Patents, Border Measures and the ITC

Section 337 of the Tariff Act of 1930, 19 U.S.C. §1337, makes unlawful any unfair methods of competition and unfair acts, such as patent infringement, in the importation of articles that could destroy or substantially injure an industry in the United States, or prevent the establishment of such an industry, or restrain or monopolize trade and commerce in the United States.  The ITC is an independent administrative agency in which all Section 337 proceedings are initiated and finally decided.  The remedy for a finding by the ITC that a violation of Section 337 has occurred is a general exclusion order, thereby, excluding the infringing articles from entering the United States.  Money damages for such infringement is not an available remedy at the ITC.

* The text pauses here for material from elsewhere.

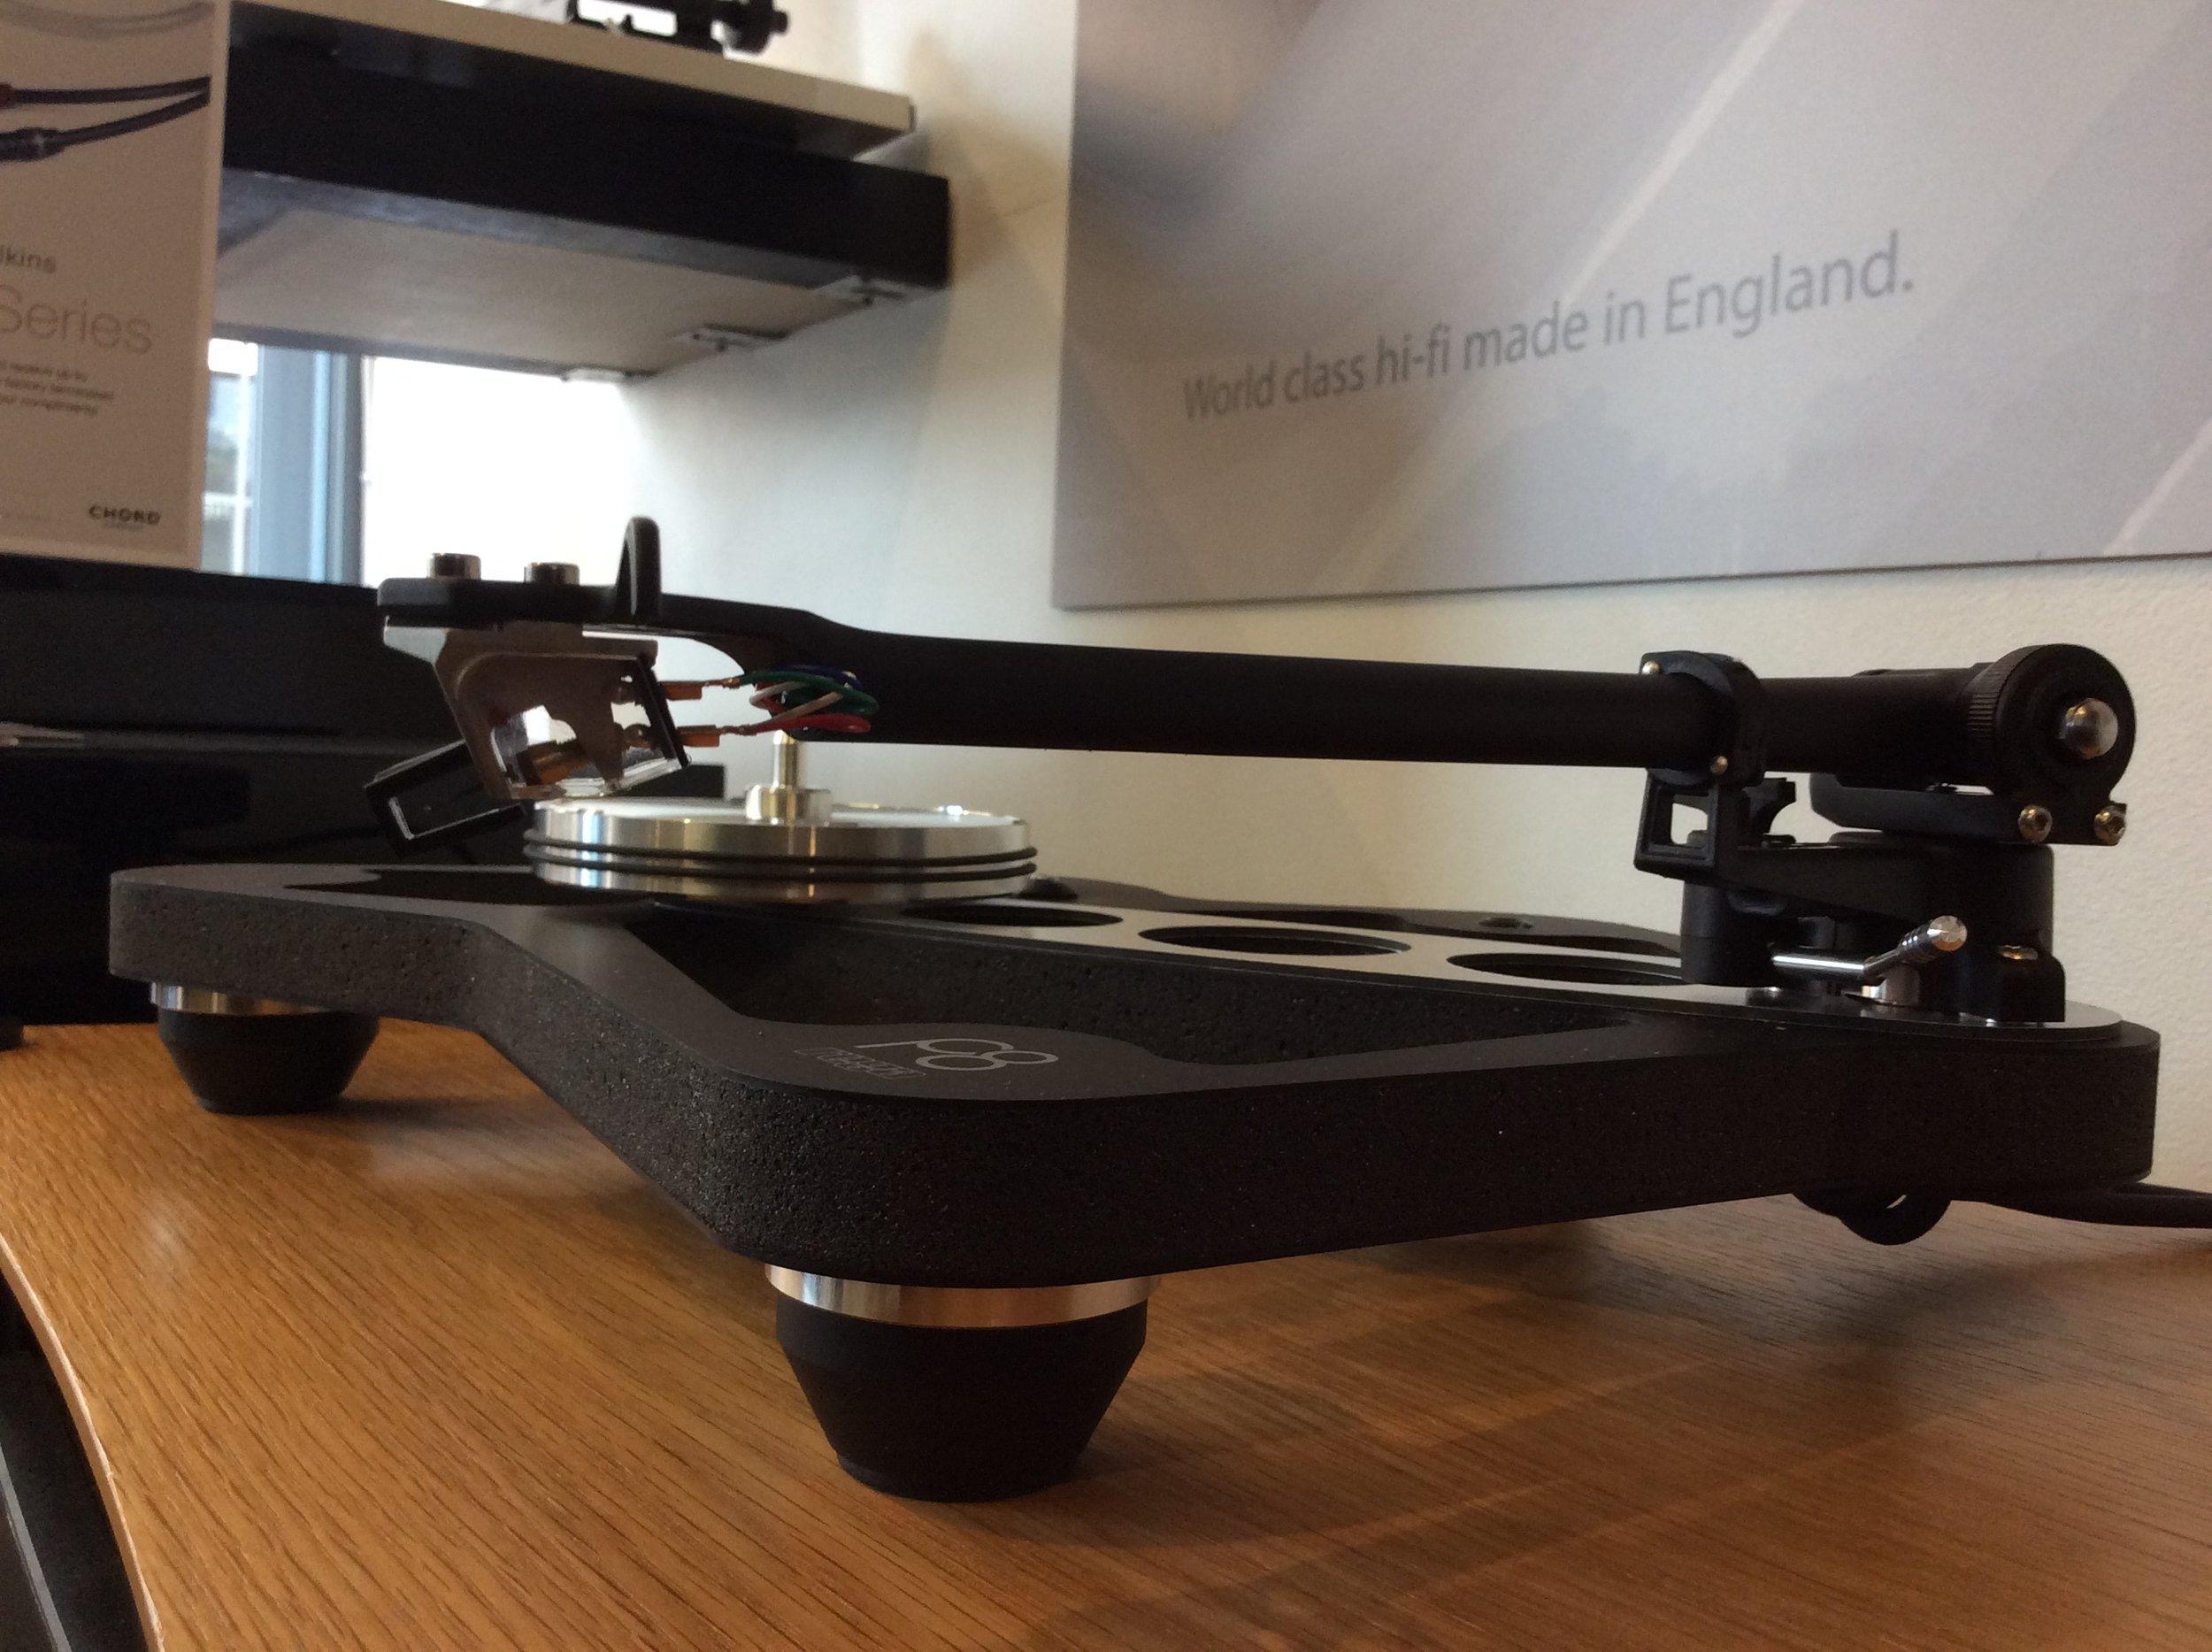 Planar 8 plinth and new RB880 tonearm

Not surprisingly, the ITC is an increasingly popular forum for litigating patent infringement disputes due to the relatively fast disposition of the case, the familiarity of the ITC’s Administrative Law Judges with intellectual property disputes and the formidable remedy of an exclusion order to prevent infringing goods from entering the U.S.

Next Steps

The Initial Decision by Administrative Law Judge Charneski is not a final ruling by the ITC; Mitsubishi will have the opportunity to present post-hearing arguments, as well as appeal the decision to the full ITC Commission.  Finally, the President has the ability to review the decision and could overturn any exclusion of Mitsubishi turbines “for policy reasons.”  One potential policy determination could be the current shortages of key products needed for projects authorized under this spring’s stimulus bill.  That bill contained “Buy American” provisions, which have in some places forced the shelving of projects-including an issue with a GE-produced water filter.  The significant amounts of stimulus money allocated towards energy projects could provide the President with an incentive to remove additional obstacles to such projects, including the ITC decision blocking turbine imports.

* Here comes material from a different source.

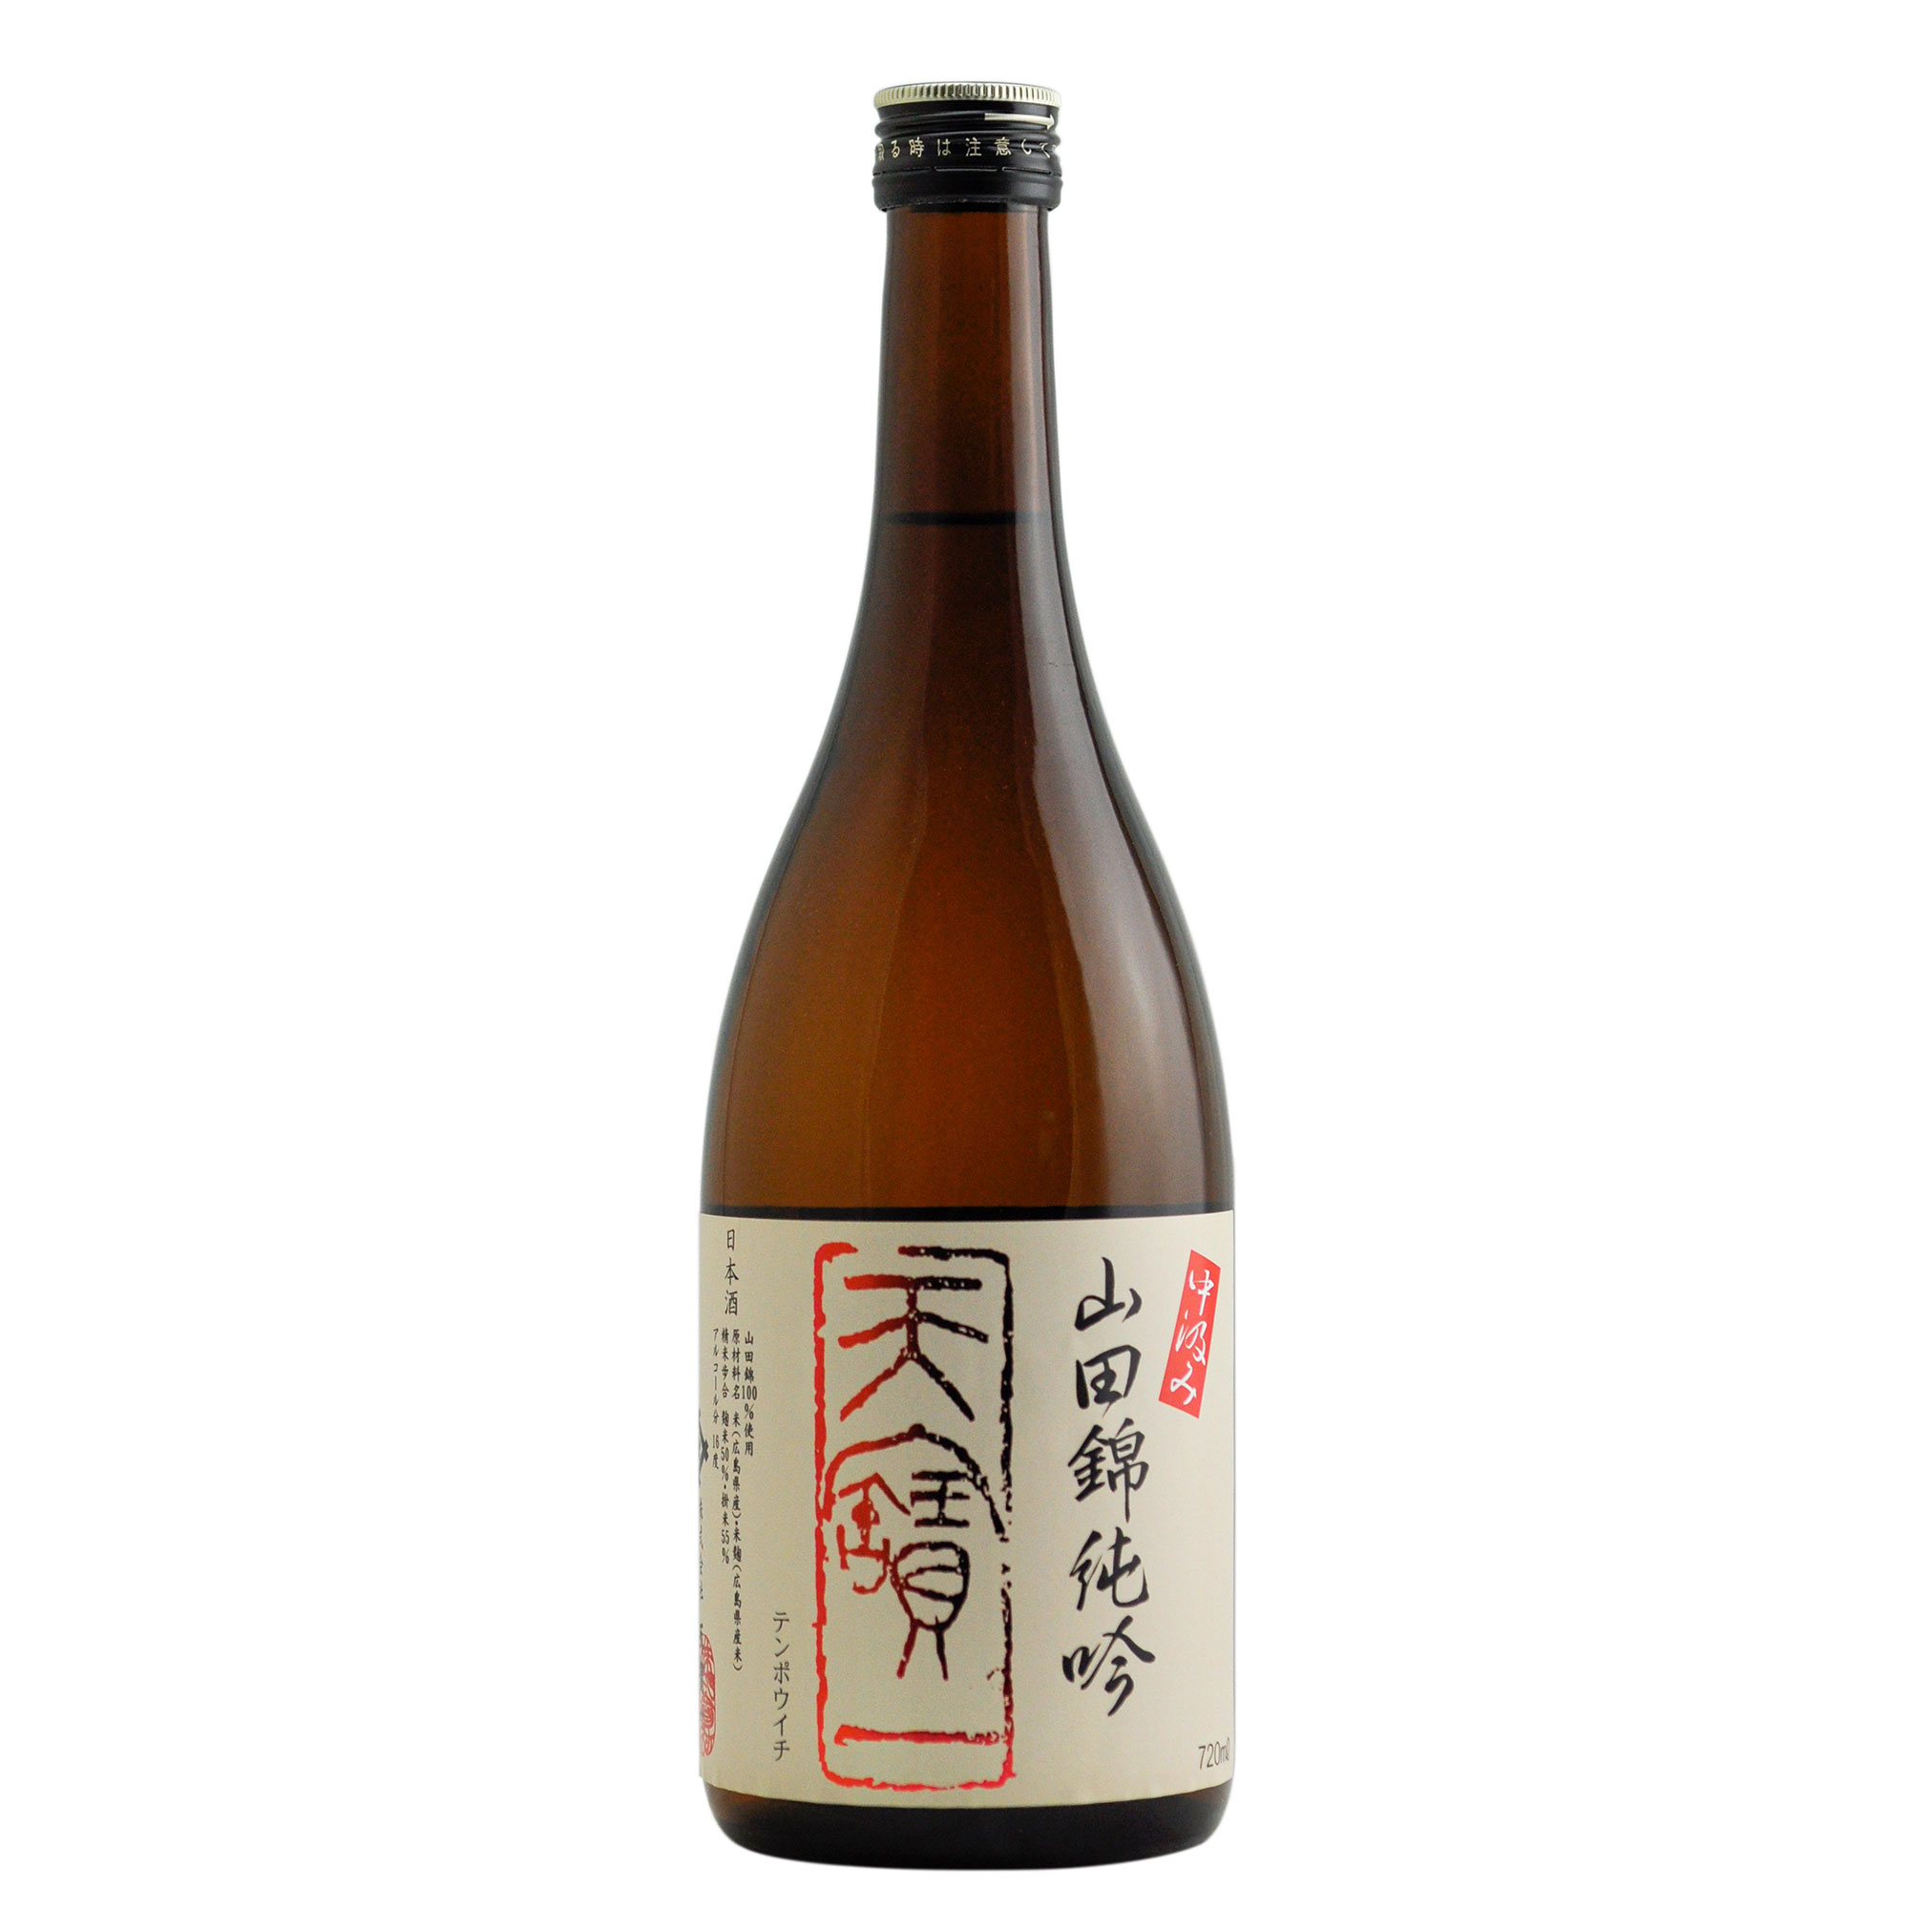 Tempoichi Junmai Ginjo Yamadanishiki Nakagumi 16% 720ml

Should the decision be upheld, however, it would be a severe blow to Mitsubishi, which was trying to break into the potentially very lucrative American wind energy market.  The U.S., which overtook Germany as the world’s largest wind energy producer, is also laying the ground for even more significant wind energy expansion-billions of dollars set aside in the stimulus will go to improving the transmission grid supporting renewable energy, as well as significant funds in the Department of Energy budget to increase wind energy’s market penetration.

The Commission’s decision may serve as an example of how the United States may seek to protect  intellectual property rights in both domestic and international climate change negotiations, as well as clear further paths for U.S. business to capitalize on the rapidly growing domestic wind energy industry–now the largest in the world.

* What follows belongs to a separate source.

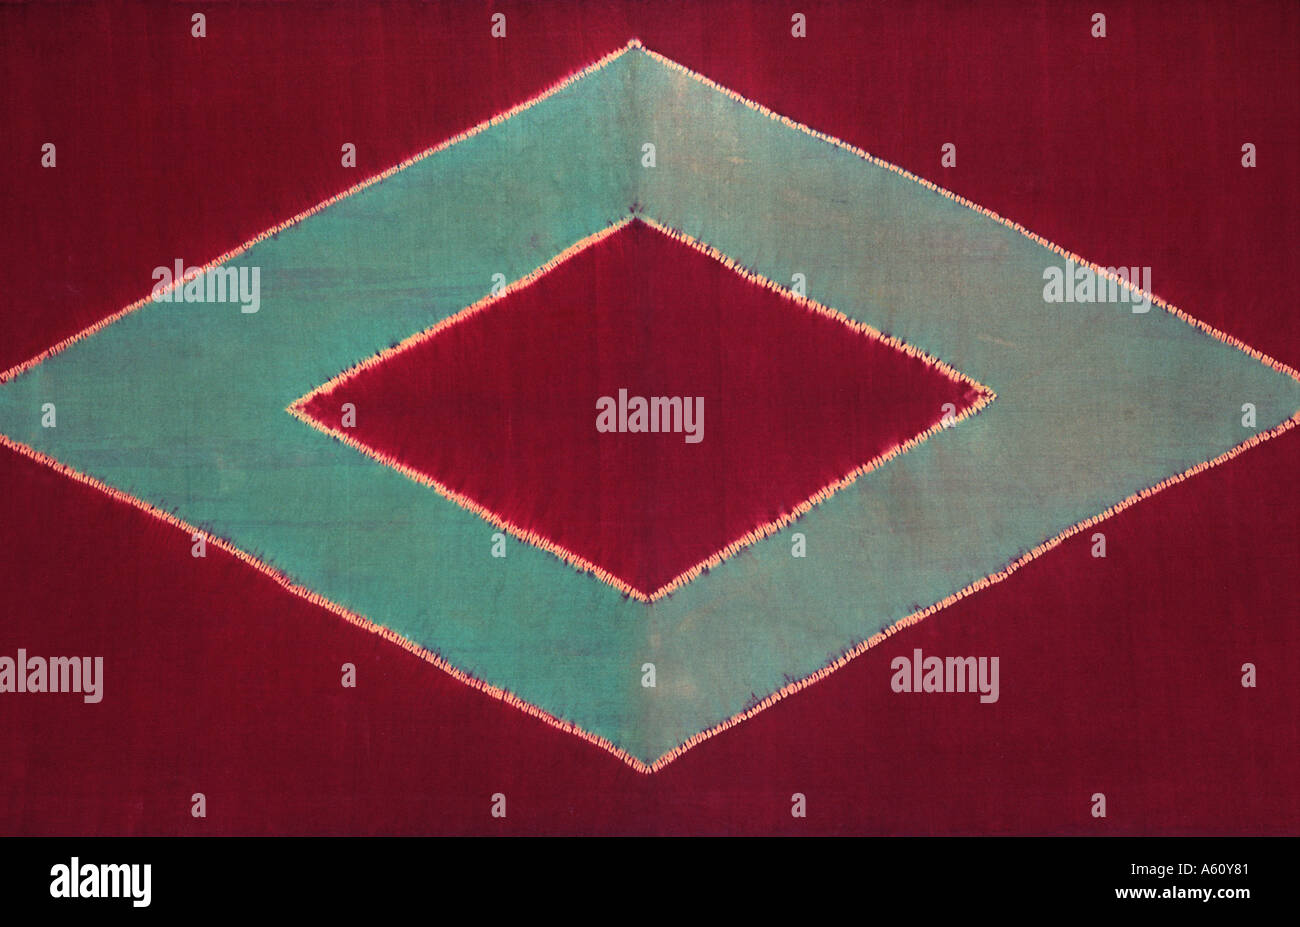 Ceremonial cloth and sacred heirloom Dodot Silk batik from Java or Sumatra Indonesia - Stock Image

For further information about this topic, please contact Akin Gump.


This Week on the Hill

With the House on their August recess, the only action will be in the Senate where committee chairs continue to lay groundwork for consideration of the House-passed legislation this fall.  The Senate Environment and Public Works Committee will examine the House legislation in preparation of a mark up when the Senate returns.  The Senate Finance Committee will also hold a hearing to assert its jurisdiction in the management and oversight of allocations.

Tuesday, August 4

The Senate Finance Committee will conduct a hearing on “Climate Change Legislation: Allowance and Revenue Distribution” at 10 a.m. in Room 215 of the Dirksen Senate Office Building.

Thursday, August 6

The Senate Environment and Public Works Committee will hold a hearing entitled “Climate Change and Ensuring that America Leads the Clean Energy Transformation” at 10 a.m. in Room 406 of the Dirksen Senate Office Building.  Secretary Ken Salazar of the U.S. Department of Interior will serve as a witness on the first of three panels.

“This Week on the Hill” will return in September after the August recess.